= Pesikta de-Rav Kahana =

Collection of Aggadic Midrash which exists in two editions

Pesikta de-Rav Kahana (פסיקתא דרב כהנא) is a collection of aggadic midrash which exists in two editions, those of Salomon Buber (Lyck, 1868) and Bernard Mandelbaum (1962). It is cited by Nathan ben Jehiel and Rashi.

==The name==
The Jewish Babylonian Aramaic term ('section') is cognate to the Hebrew פָּסוּק ('verse'). The appearance of the name of Rav Kahana in the title (in manuscripts as early as the 11th century) is explained in two ways:
- Leopold Zunz and Buber consider the title to be due to the phrase "Rav Abba bar Kahana Patah," which opens the longest section of the work, for the Shabbat preceding the Seventeenth of Tammuz.
- B. Mandelbaum considers the appearance in two manuscripts of the name "Rav Kahana" at the beginning of the Rosh Hashanah chapter—which may have been initially the first chapter—as the more likely explanation for the use of his name in the title of the work. The position of the Rosh Hashana section as the first is also attested by the Arukh of Nathan ben Jehiel.
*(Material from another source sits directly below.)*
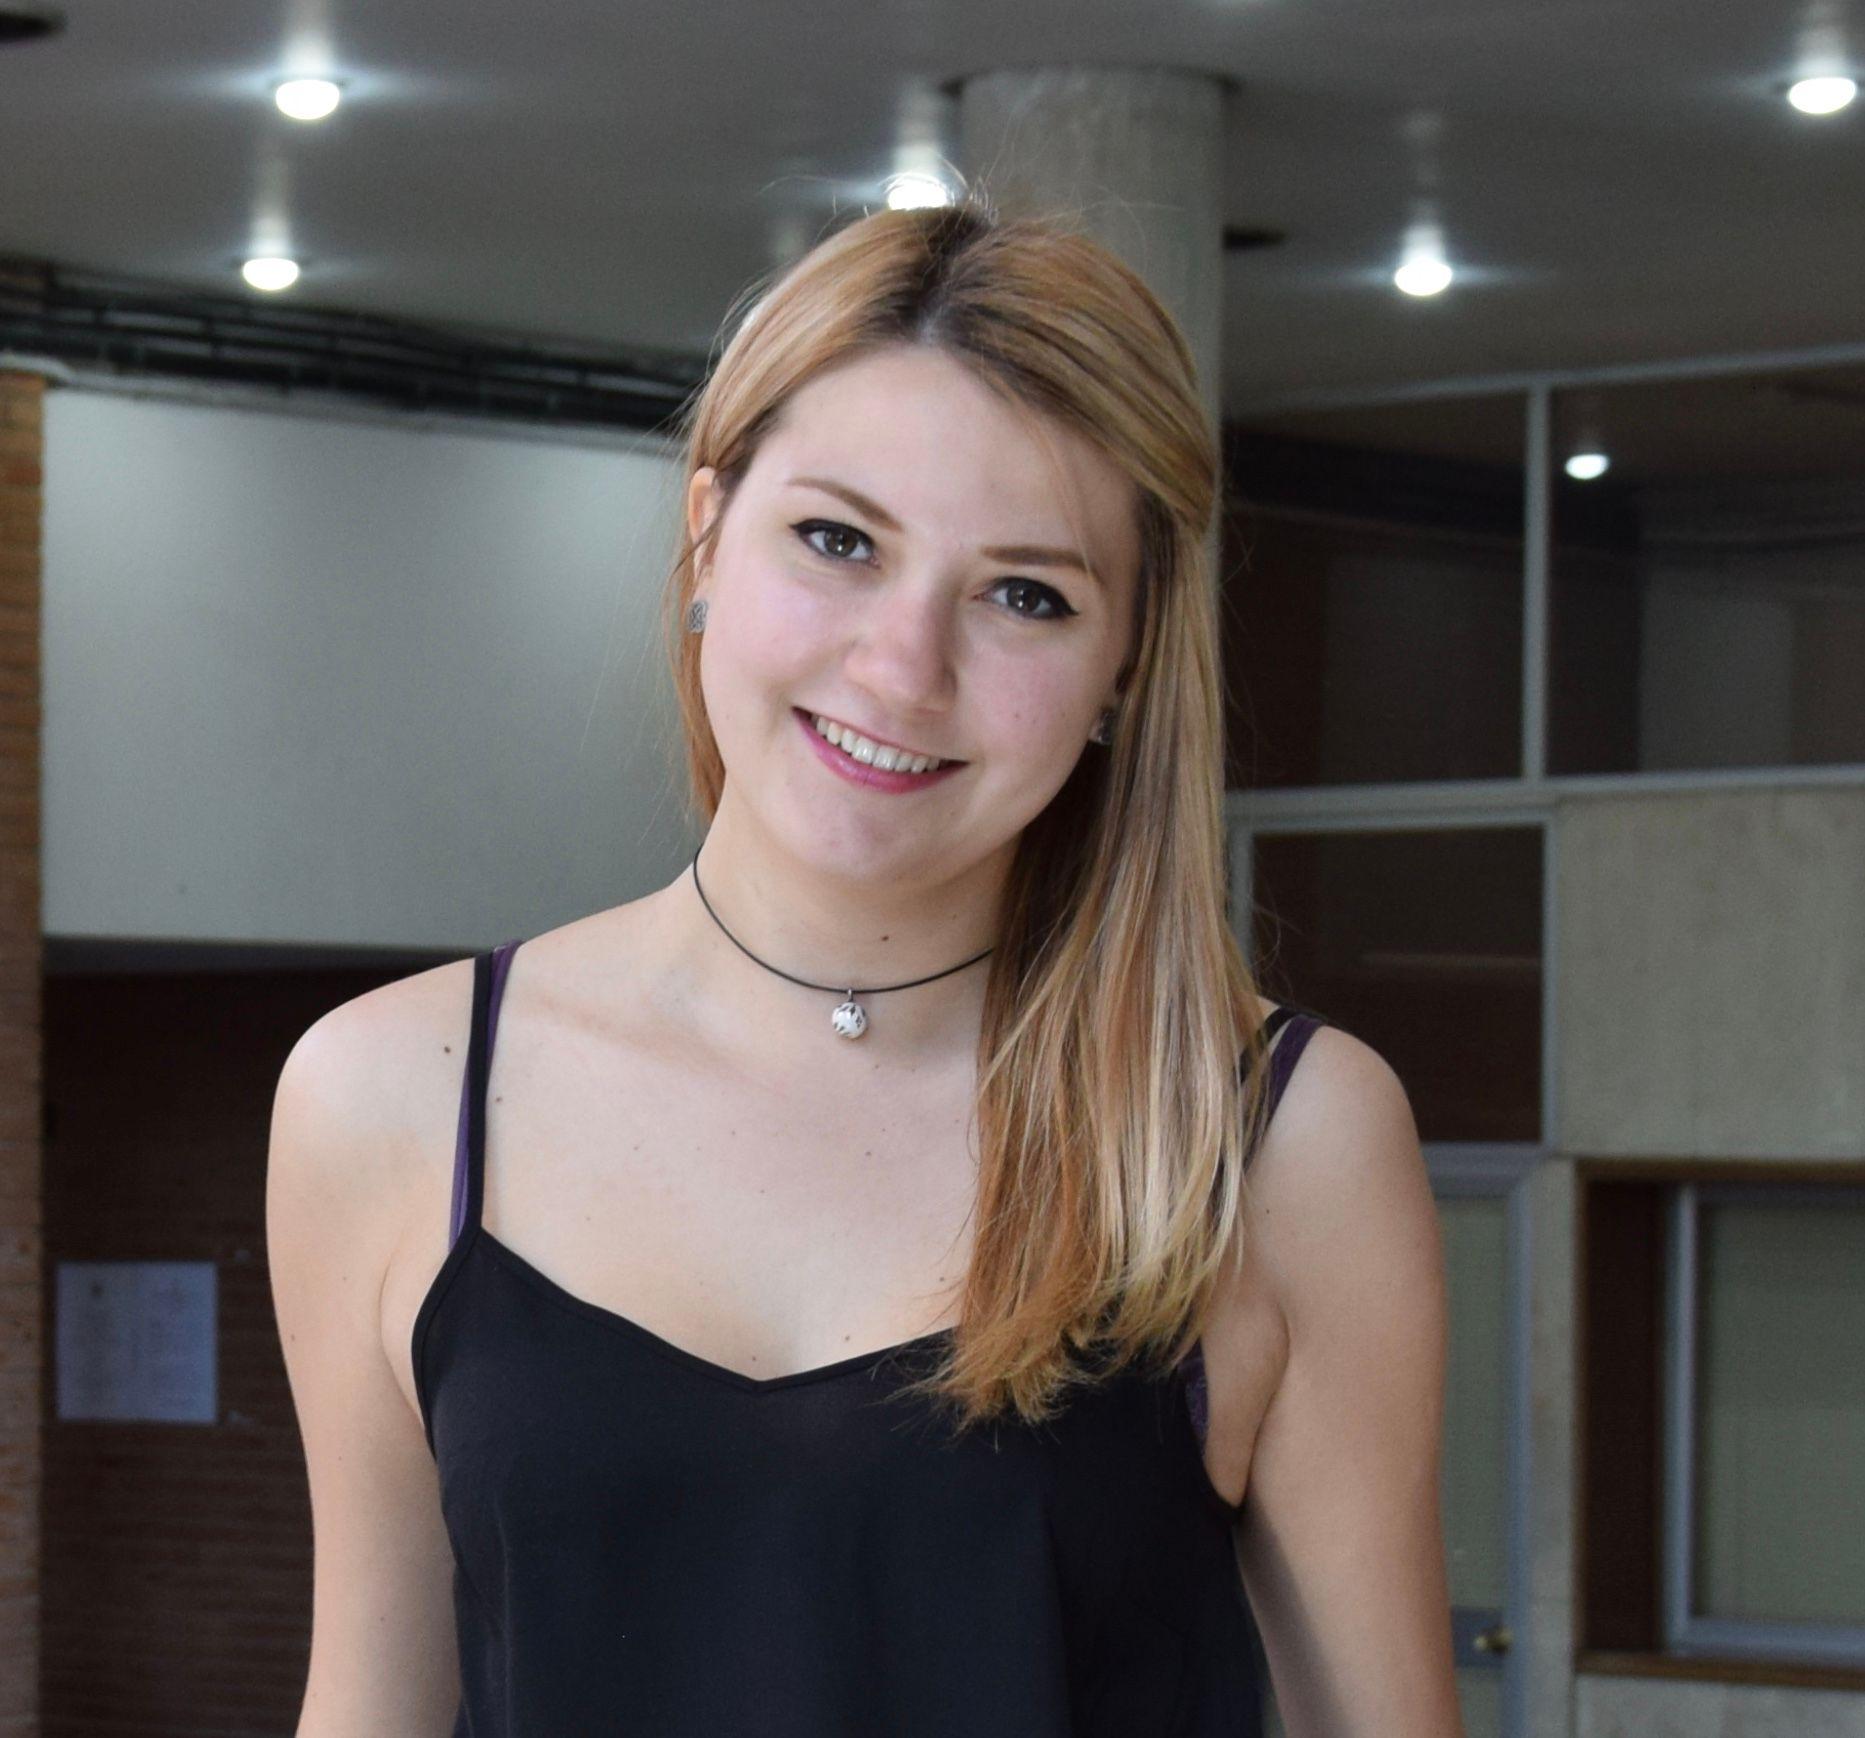 Anna from Chromia

It is unclear, in any case, which Rav Kahana is referred to since the six known individuals bearing that name all lived in Lower Mesopotamia (Babylonia), while the Pesikta de-Rav Kahana was probably composed in ancient Israel.

==Organization==

It consists of 33 (or 34) homilies on the lessons forming the Pesikta cycle: the Pentateuchal lessons for special Shabbats (1-6) and for the festivals (7-12, 23, 27-32), the prophetic lessons for the Shabbats of mourning and comforting (13-22), and the penitential sections "Dirshu" and "Shuvah" (24, 25; No. 26 is a homily entitled "Seliḥot").
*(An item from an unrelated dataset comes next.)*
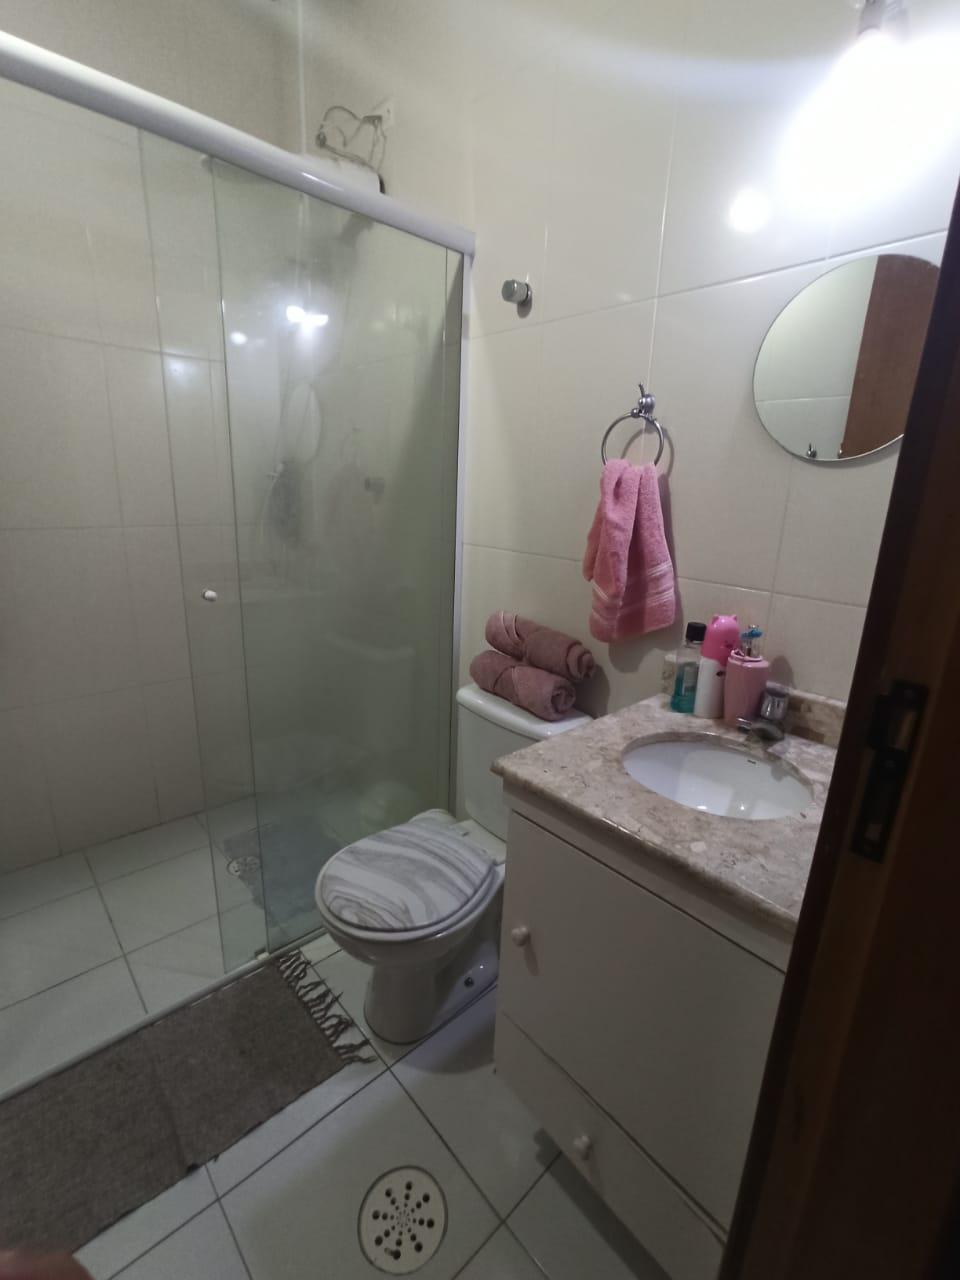 Casa com 3 quartos, sendo um suíte, sala 2 ambientes, três banheiros e duas vagas de garagem. - foto 6

According to the arrangement in this edition, the homilies fall into three groups of pesaqot: (פְּסָקוֹת, singular pisqā פסקה): Pentateuchal, Prophetic, and Tishri. An unnumbered other pesaqot to Isaiah 61:10 (following two manuscripts) is printed after No. 22; similarly, No. 29 (following a manuscript) is designated with No. 28 as another pisqa for Sukkot, and the pisqa on pp. 194b et seq. (recognizable as spurious by the halakhic exordium, and also printed following a manuscript) is designated with No. 30 as another version of the pisqa for parasha Shemini. Pesaqot 12 and 32 each consist of two homilies, but the second homily in No. 27 (pp. 174b et seq.) does not belong to the Pesikta.
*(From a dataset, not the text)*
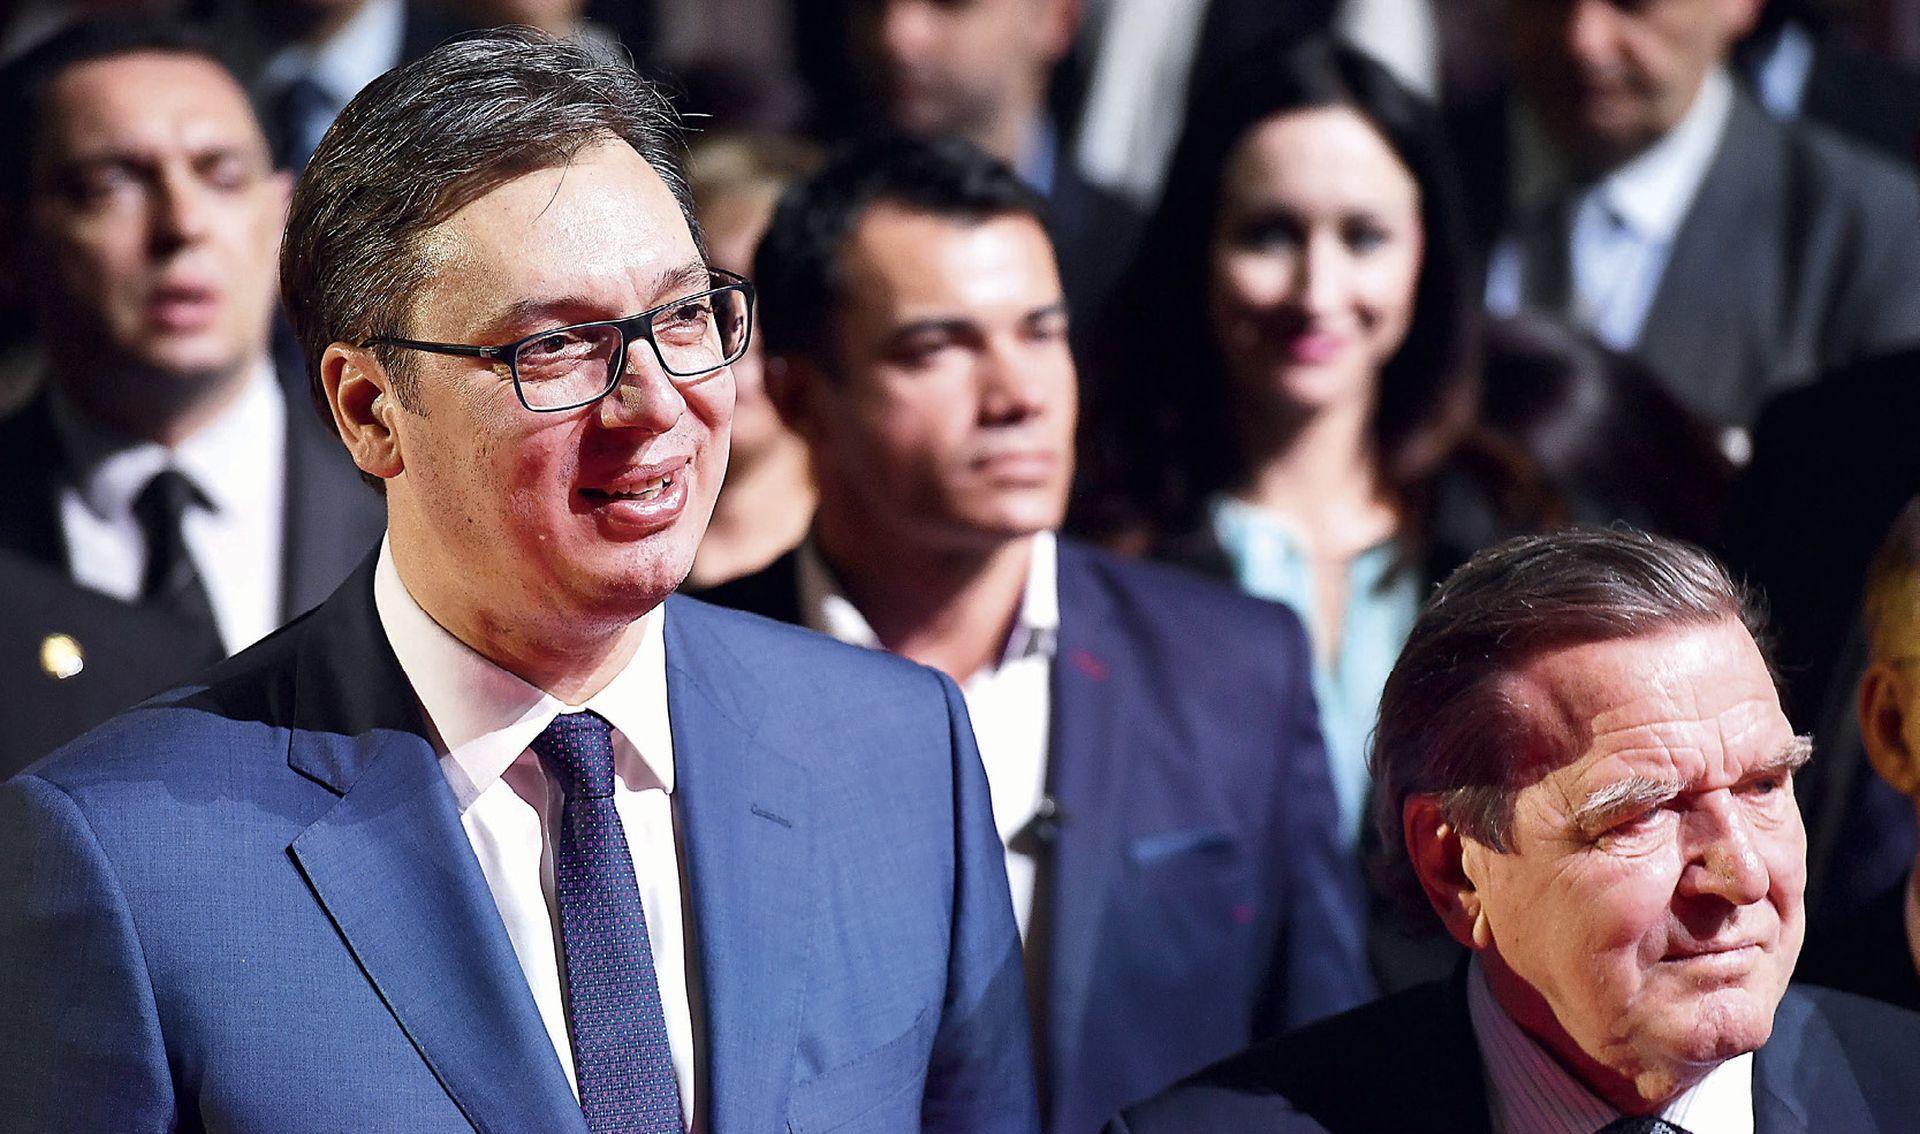 KONAČNI REZULTATI IZBORA U SRBIJI Vučić dobio 55,08 posto glasova

The various manuscripts differ not only concerning the above-mentioned second pesaqot and other, longer passages but also concerning the arrangement of the entire collection, which began in a manuscript that is defective at the beginning, with the homilies to prophetical lessons Nos. 13-22 and 24–25. An old abbreviation designates these twelve homilies: דש״ח נו״ע אר״ק שד״ש. Another manuscript, "Haftarah Midrash," contains only these homilies, except next to the last one. Entire homilies of the Pesikta have been taken over, or sometimes worked over, into the Pesikta Rabbati; there are also several Pesikta homilies in the Midrash Tanhuma.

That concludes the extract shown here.